In your reply, repeat the full listing exactly and leave each picture out.

Data shown:
┌──

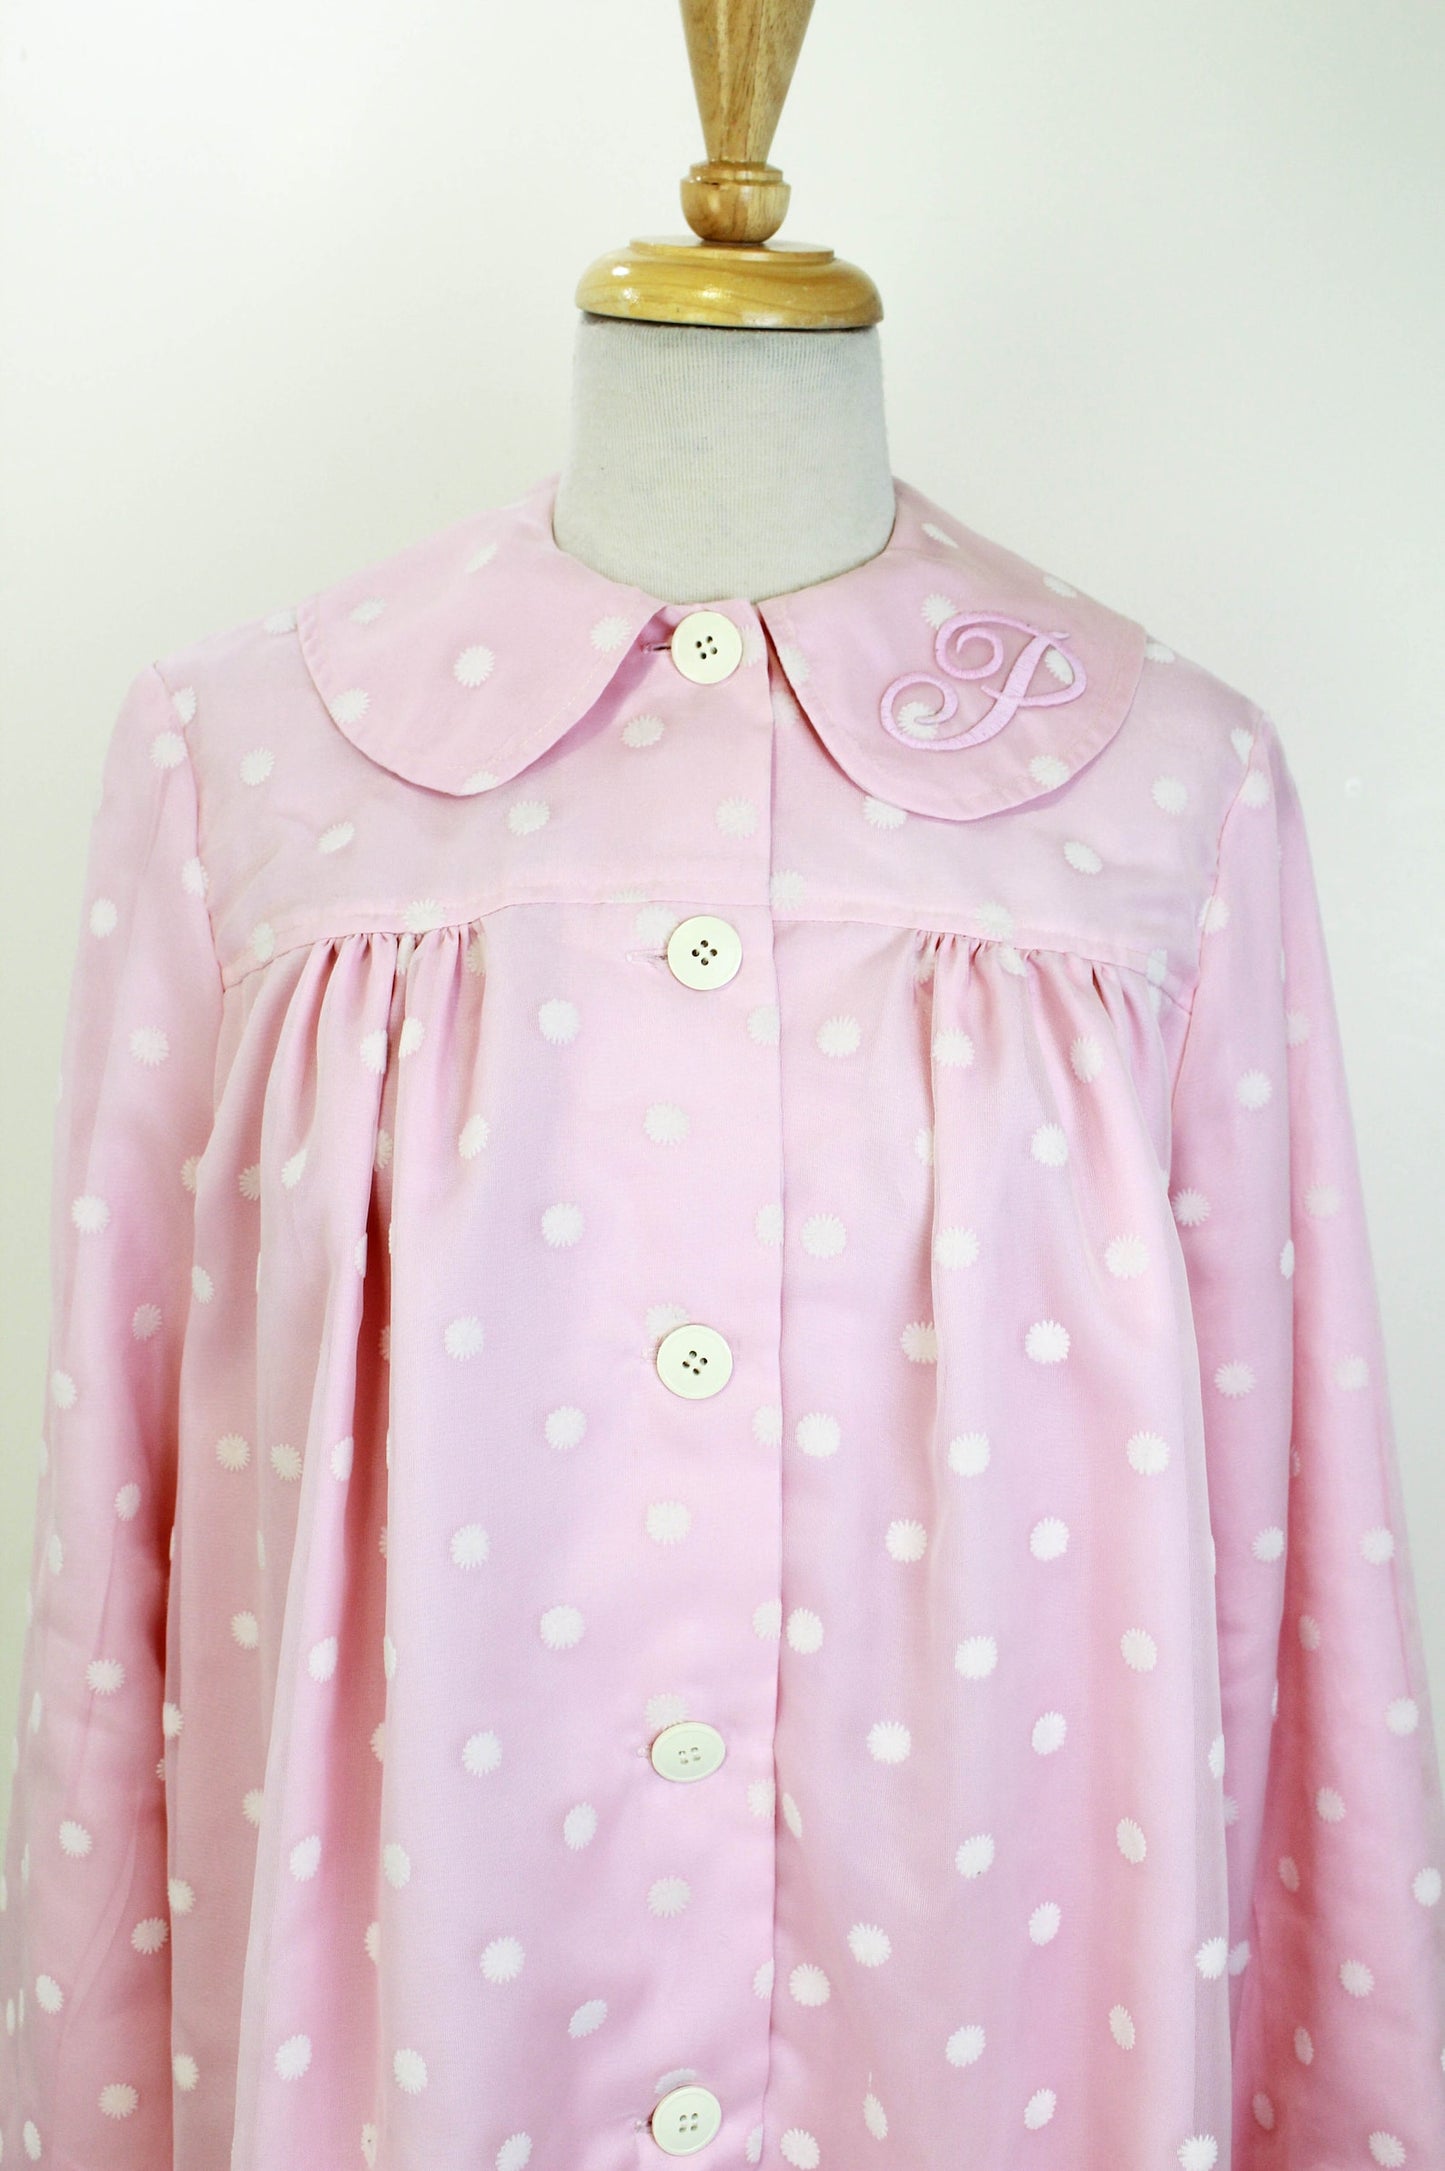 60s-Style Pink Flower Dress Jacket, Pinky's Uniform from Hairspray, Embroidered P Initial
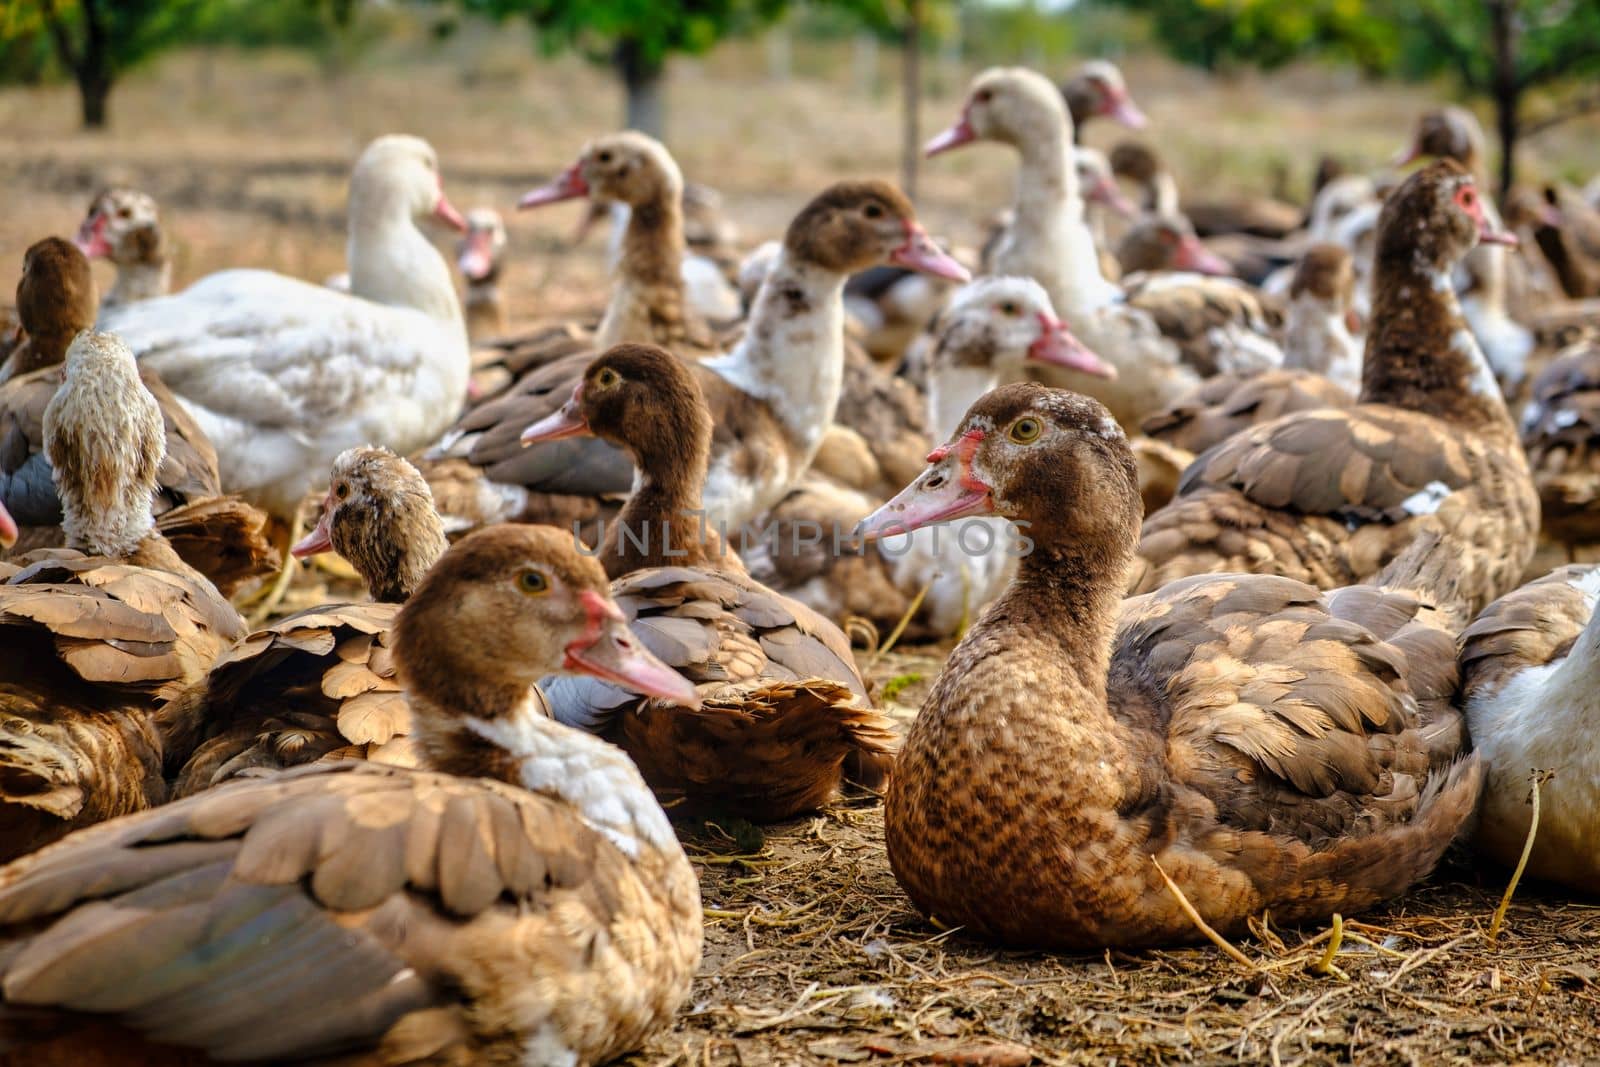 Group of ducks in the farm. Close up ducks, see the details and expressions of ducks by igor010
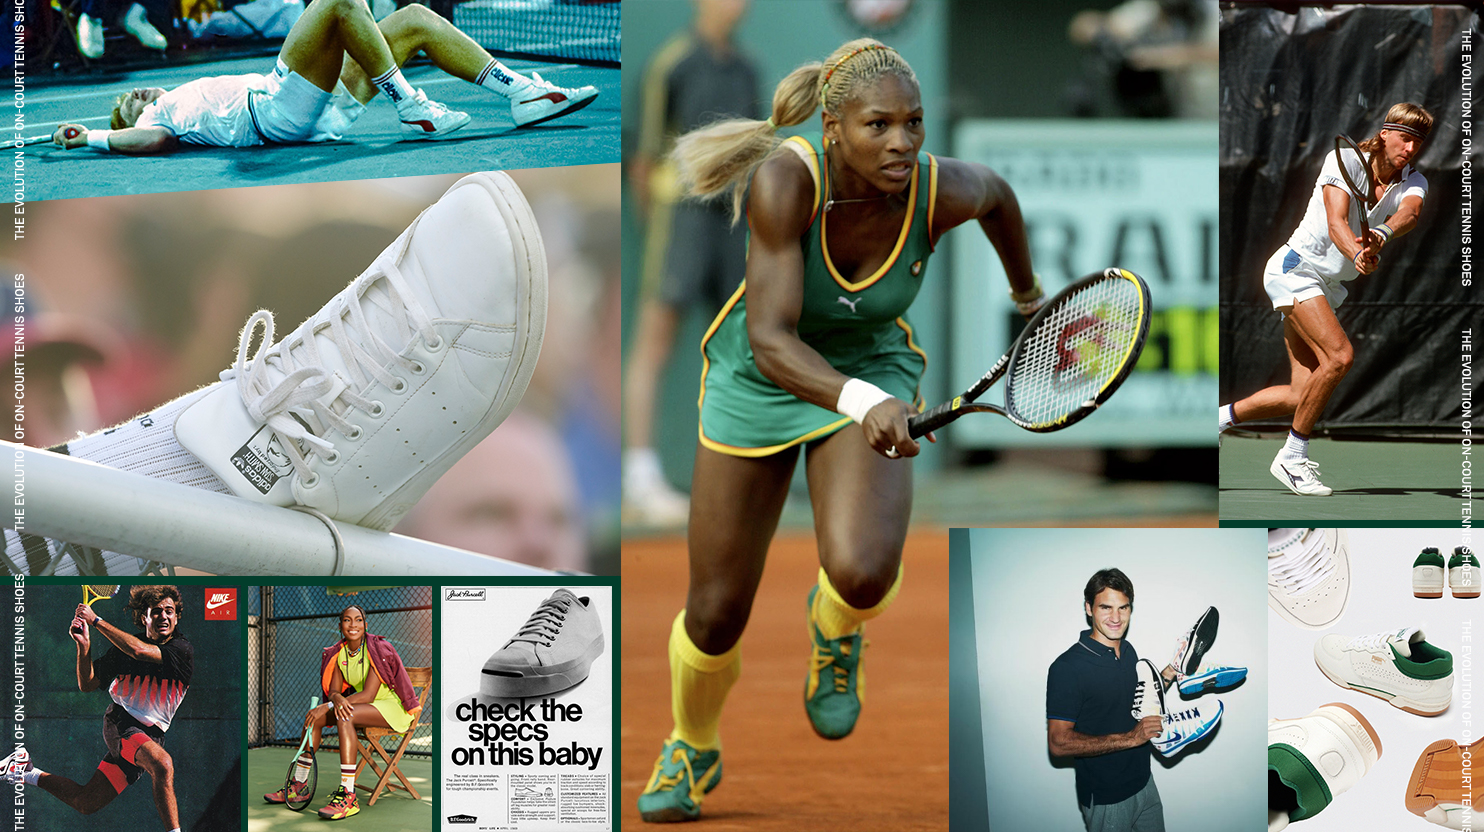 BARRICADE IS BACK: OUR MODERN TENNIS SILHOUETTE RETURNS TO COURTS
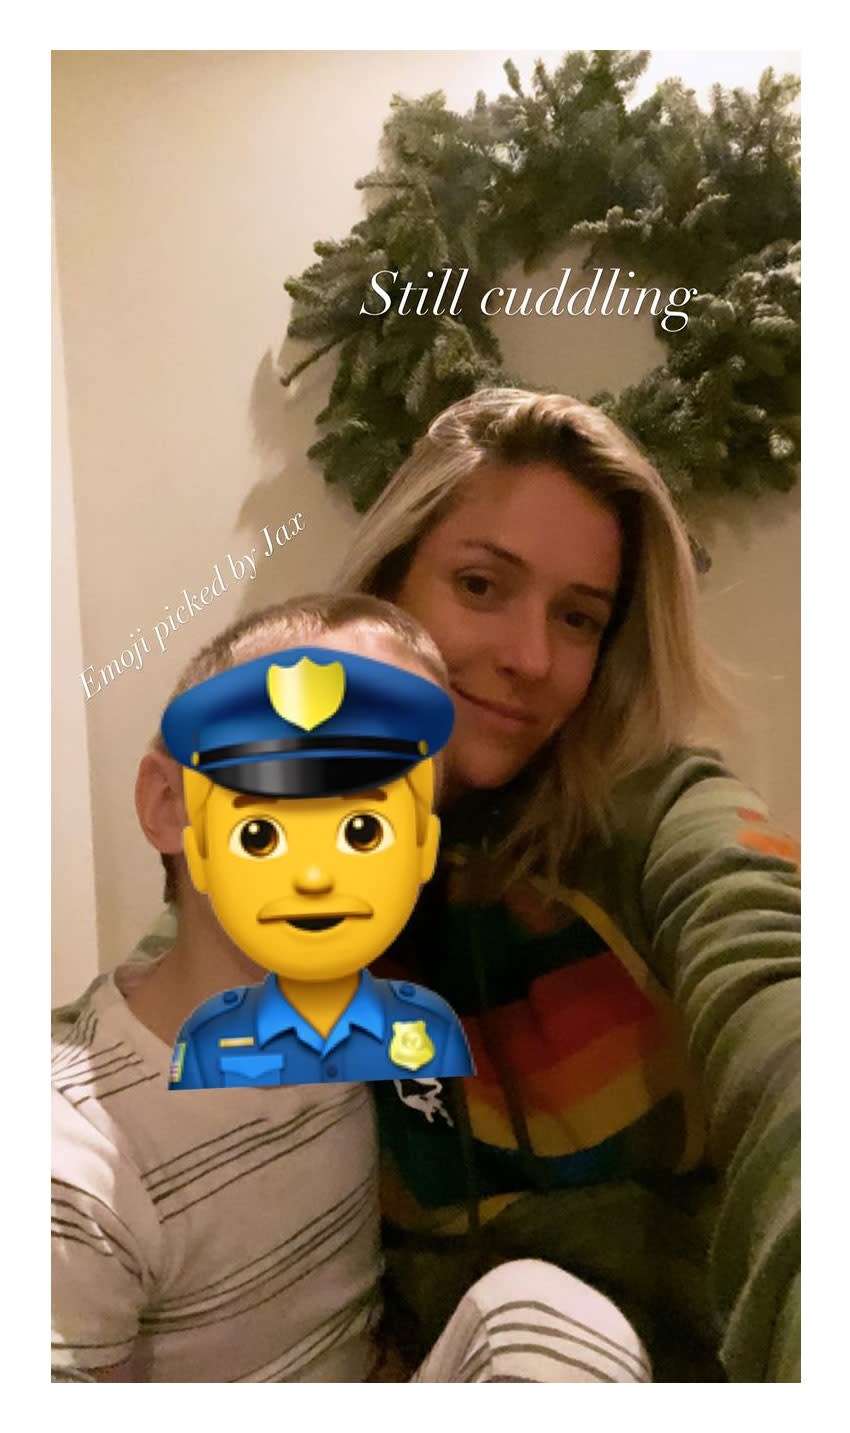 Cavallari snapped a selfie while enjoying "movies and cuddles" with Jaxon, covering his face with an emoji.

└──

Output for this exercise:
 60s-Style Pink Flower Dress Jacket, Pinky's Uniform from Hairspray, Embroidered P Initial
 Group of ducks in the farm. Close up ducks, see the details and expressions of ducks by igor010
 BARRICADE IS BACK: OUR MODERN TENNIS SILHOUETTE RETURNS TO COURTS
 Cavallari snapped a selfie while enjoying "movies and cuddles" with Jaxon, covering his face with an emoji.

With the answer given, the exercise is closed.